Table 1 Mean brain volume of patients with syndromic craniosynostosis and of normal controls
Fig. 1
figure 1

Syndrome-specific relation between age and ventricular volume

Fig. 2
figure 2

Syndrome-specific relation between age and brain volume

Discussion

In this study we compared the total brain volume of patients with complex or syndromic craniosynostosis to that of normal controls from the literature. Furthermore, we looked for predictors of brain and ventricular volume. We found that the total brain volume in patients with complex or syndromic craniosynostosis is similar to that in normal controls and that ventricular volume was significantly related to Apert syndrome and the presence of a Chiari I malformation.

The majority of patients with syndromic and complex craniosynostosis have a normal or even enlarged intracranial volume, before as well as after vault expansion [6, 11, 13, 16]. The finding that brain volume is normal suggests that the compensatory skull growth is sufficient, to allow normal brain growth. The excess of cerebrospinal fluid we observed may be the driving force behind this compensatory growth of the skull. Therefore, in these patients, raised ICP is more likely to result from raised CSF pressure than from a mismatch between intracranial and brain volume. In most patients this raised CSF pressure will have a communicating character with papilledema as the only sign [1].

Chiari I malformation is primarily seen in patients with Crouzon syndrome. In our population 32% of the patients with Crouzon syndrome had a Chiari I malformation, compared to 73% perviously reported by Cinnali et al. [2]. This difference can perhaps be explained by the fact that they performed an MRI in case of clinical signs, while we performed MRI as part of a prospective study and in most cases without a clinical indication.

The diagnosis of Crouzon syndrome itself was not associated with an enlarged ventricular volume when it was corrected for Chiari I malformation. This means that Chiari I malformations have a stronger relation with ventricular volume than Crouzon syndrome by itself. With the lack of consecutive data, we are not able to tell whether Chiari I malformation precedes or follows the enlarged ventricular volume.
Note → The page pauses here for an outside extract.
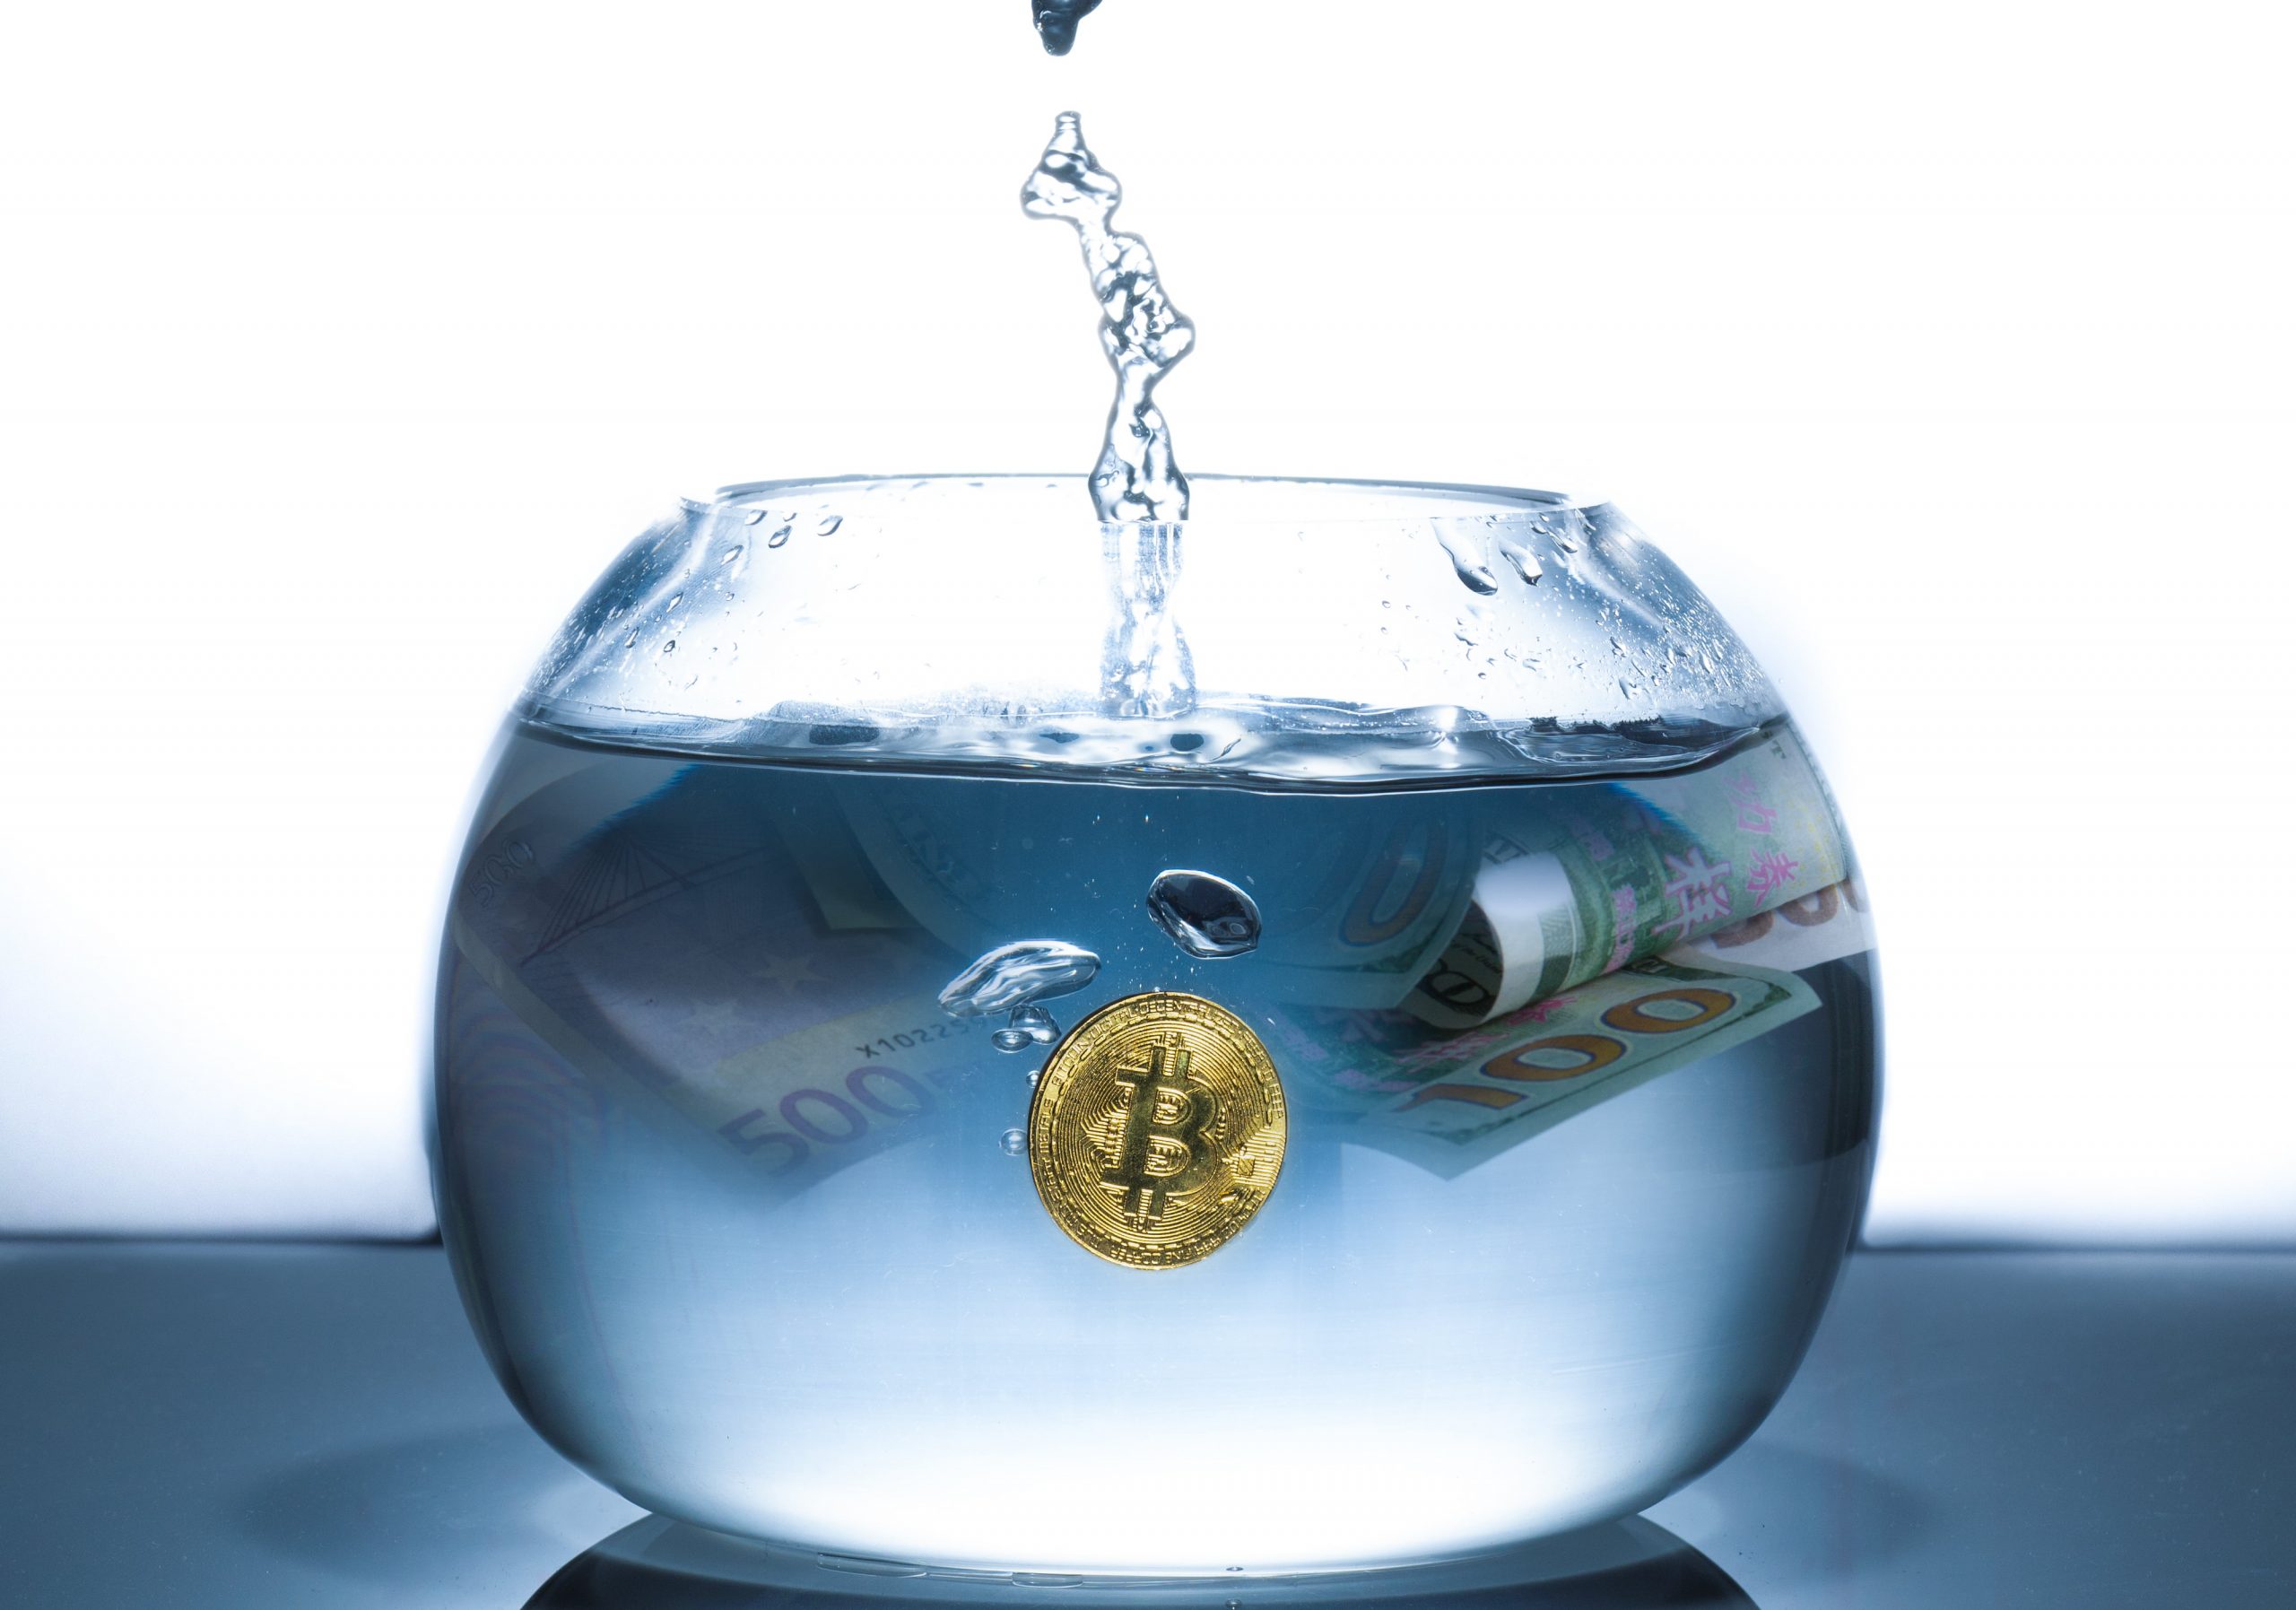 A bitcoin coin and $100 currency in a bowl being filled with water
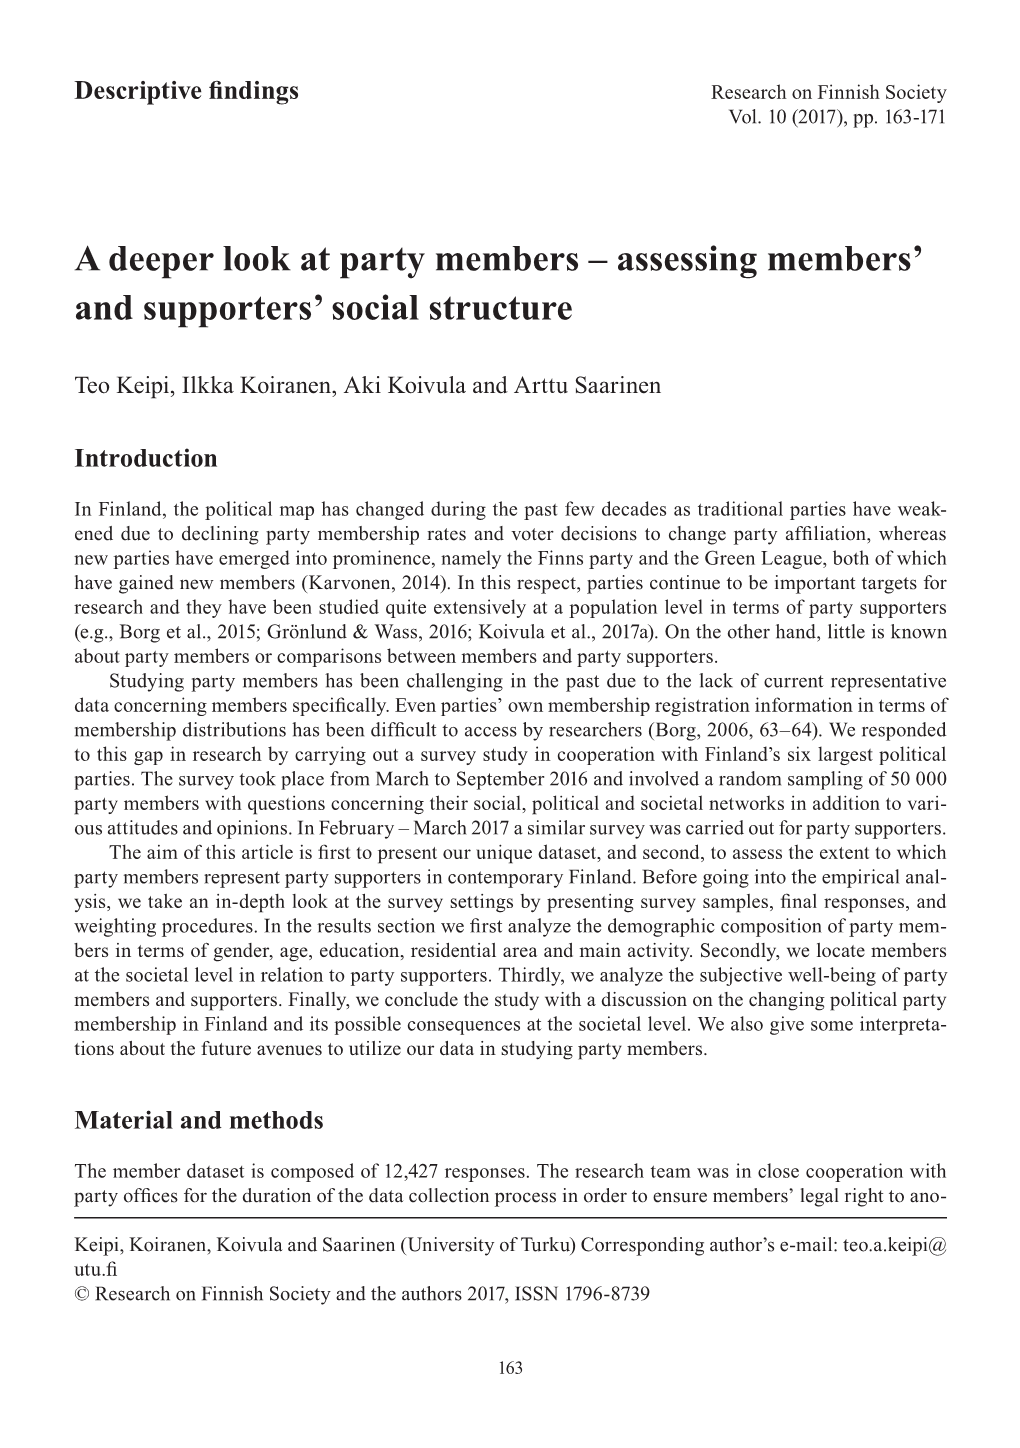 Assessing Members' and Supporters' Social Structure

Enlarged ventricular volume could be the consequence of reduced CSF outflow due to Chiari I but could also be the cause of downward pressure on the cerebellum due to raised ICP. Chiari I malformations and raised ICP are both prevalent in Crouzon syndrome [18].

In Apert syndrome larger ventricles are not related to Chiari I malformation, as only 2 to 8% of the patients with Apert syndrome have a Chiari I malformation [2]. Despite the larger ventricular volume, patients with Apert syndrome have a relatively low prevalence of increased ICP [5]. This could be due to their significantly larger intracranial volume before and after vault expansion [6, 16]. In Apert syndrome extra compensatory growth of the skull is facilitated by the enlarged anterior fontanelle that stays open for a relatively long period, preventing the development of increased ICP.

Conclusion

For the first time we show that patients with syndromic and complex craniosynostosis have a normal total brain volume. Therefore, it is unlikely that a mismatch between intracranial and brain volume is the main cause of raised ICP. Furthermore, we found enlarged ventricular volume to occur particularly in patients with Apert syndrome and patients with a Chiari I malformation. Patients with Crouzon syndrome are especially at risk for Chiari I, but those without a Chiari I have normal ventricular volumes. We advice screening of all patients with Apert and Crouzon syndrome for the development of enlarged ventricle volume and the presence a Chiari I malformation.